▶ **RECORDS**:
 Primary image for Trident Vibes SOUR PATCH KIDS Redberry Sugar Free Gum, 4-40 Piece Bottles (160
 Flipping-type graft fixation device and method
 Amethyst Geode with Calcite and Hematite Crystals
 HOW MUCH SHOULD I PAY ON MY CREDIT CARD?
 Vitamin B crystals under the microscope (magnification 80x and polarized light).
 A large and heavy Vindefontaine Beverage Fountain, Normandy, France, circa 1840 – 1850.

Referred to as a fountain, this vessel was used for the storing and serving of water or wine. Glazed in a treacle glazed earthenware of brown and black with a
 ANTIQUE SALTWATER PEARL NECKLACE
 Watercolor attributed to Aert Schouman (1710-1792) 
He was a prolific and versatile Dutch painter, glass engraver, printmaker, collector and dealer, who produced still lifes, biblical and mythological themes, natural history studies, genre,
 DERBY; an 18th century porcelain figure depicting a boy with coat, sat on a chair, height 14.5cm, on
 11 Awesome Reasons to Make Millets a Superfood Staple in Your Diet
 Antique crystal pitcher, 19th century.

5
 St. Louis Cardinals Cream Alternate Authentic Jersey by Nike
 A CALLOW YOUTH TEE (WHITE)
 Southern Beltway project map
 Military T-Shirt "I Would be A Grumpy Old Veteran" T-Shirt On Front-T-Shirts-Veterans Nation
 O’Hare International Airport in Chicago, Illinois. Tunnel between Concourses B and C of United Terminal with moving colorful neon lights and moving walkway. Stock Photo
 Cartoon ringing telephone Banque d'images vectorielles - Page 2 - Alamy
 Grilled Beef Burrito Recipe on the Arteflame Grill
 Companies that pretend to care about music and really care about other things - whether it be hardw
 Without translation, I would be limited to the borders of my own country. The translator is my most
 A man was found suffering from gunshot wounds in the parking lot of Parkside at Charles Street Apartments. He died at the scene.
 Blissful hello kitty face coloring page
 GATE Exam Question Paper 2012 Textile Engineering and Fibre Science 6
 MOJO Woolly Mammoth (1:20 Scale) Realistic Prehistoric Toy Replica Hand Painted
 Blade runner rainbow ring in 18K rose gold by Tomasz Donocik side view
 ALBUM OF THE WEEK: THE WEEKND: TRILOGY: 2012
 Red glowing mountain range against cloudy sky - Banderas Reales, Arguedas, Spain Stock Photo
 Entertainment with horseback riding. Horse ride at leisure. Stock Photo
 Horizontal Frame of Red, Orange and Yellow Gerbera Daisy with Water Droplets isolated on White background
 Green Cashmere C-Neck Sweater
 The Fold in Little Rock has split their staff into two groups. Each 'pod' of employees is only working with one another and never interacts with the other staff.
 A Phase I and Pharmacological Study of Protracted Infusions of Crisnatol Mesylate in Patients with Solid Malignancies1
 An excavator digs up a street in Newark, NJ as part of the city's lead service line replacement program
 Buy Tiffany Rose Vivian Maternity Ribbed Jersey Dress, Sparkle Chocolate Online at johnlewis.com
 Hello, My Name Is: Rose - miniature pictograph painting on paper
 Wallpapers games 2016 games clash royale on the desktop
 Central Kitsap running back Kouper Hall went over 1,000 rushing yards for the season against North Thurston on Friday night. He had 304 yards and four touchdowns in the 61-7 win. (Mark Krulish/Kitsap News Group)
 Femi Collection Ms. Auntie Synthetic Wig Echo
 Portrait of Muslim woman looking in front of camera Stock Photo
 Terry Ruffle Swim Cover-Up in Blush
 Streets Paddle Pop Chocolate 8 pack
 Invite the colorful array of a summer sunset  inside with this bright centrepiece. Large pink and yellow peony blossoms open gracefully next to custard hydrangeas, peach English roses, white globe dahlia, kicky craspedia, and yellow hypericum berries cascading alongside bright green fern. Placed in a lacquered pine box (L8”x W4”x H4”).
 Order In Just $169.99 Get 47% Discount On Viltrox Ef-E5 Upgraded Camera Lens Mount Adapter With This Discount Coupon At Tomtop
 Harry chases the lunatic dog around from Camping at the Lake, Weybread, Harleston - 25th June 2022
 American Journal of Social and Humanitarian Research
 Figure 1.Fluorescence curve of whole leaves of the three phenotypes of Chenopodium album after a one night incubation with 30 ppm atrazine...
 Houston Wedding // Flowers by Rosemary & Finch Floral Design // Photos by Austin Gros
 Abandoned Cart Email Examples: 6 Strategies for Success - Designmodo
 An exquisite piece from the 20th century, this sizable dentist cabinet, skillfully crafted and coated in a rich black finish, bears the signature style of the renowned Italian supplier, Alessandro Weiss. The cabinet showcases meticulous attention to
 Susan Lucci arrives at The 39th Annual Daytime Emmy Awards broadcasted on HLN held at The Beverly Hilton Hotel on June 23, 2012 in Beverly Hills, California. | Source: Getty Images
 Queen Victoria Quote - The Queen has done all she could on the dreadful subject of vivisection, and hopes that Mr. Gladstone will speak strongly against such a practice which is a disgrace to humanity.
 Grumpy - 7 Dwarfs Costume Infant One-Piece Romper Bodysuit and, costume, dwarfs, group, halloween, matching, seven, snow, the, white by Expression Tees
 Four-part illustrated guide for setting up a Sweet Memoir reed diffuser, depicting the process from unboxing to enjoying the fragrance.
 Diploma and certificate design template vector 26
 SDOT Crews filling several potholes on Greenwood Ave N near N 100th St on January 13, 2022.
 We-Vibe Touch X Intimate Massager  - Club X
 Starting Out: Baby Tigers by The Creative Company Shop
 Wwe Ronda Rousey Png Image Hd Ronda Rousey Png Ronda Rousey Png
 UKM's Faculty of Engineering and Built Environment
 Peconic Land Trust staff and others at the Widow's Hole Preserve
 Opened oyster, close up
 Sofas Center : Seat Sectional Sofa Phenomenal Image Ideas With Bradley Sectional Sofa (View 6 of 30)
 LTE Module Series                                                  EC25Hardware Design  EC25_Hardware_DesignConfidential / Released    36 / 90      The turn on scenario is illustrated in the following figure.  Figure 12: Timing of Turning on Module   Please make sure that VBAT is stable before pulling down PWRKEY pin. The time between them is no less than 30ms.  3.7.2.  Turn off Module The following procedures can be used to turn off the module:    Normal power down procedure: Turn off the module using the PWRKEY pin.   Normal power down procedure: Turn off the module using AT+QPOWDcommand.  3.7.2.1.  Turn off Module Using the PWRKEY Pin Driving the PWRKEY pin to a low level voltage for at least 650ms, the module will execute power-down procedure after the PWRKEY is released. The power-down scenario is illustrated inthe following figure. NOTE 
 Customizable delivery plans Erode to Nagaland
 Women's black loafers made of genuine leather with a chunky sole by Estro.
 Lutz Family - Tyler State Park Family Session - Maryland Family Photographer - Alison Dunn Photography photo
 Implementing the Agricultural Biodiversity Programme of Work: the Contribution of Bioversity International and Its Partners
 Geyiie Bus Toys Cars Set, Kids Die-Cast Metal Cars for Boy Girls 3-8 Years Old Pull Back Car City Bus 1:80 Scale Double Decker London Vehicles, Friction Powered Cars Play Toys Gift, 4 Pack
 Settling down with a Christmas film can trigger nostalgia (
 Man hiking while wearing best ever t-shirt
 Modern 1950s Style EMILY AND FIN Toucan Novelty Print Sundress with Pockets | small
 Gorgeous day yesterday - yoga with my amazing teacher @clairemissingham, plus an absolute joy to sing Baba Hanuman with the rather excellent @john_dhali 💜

▶ **WORK INSTRUCTIONS**:
Reproduce exactly, and only, the part of the listing above that begins at the line with "Diploma and certificate" and goes on through the line with "UKM's Faculty of".

▶ **RESULT FOR THIS EXERCISE**:
 Diploma and certificate design template vector 26
 SDOT Crews filling several potholes on Greenwood Ave N near N 100th St on January 13, 2022.
 We-Vibe Touch X Intimate Massager  - Club X
 Starting Out: Baby Tigers by The Creative Company Shop
 Wwe Ronda Rousey Png Image Hd Ronda Rousey Png Ronda Rousey Png
 UKM's Faculty of Engineering and Built Environment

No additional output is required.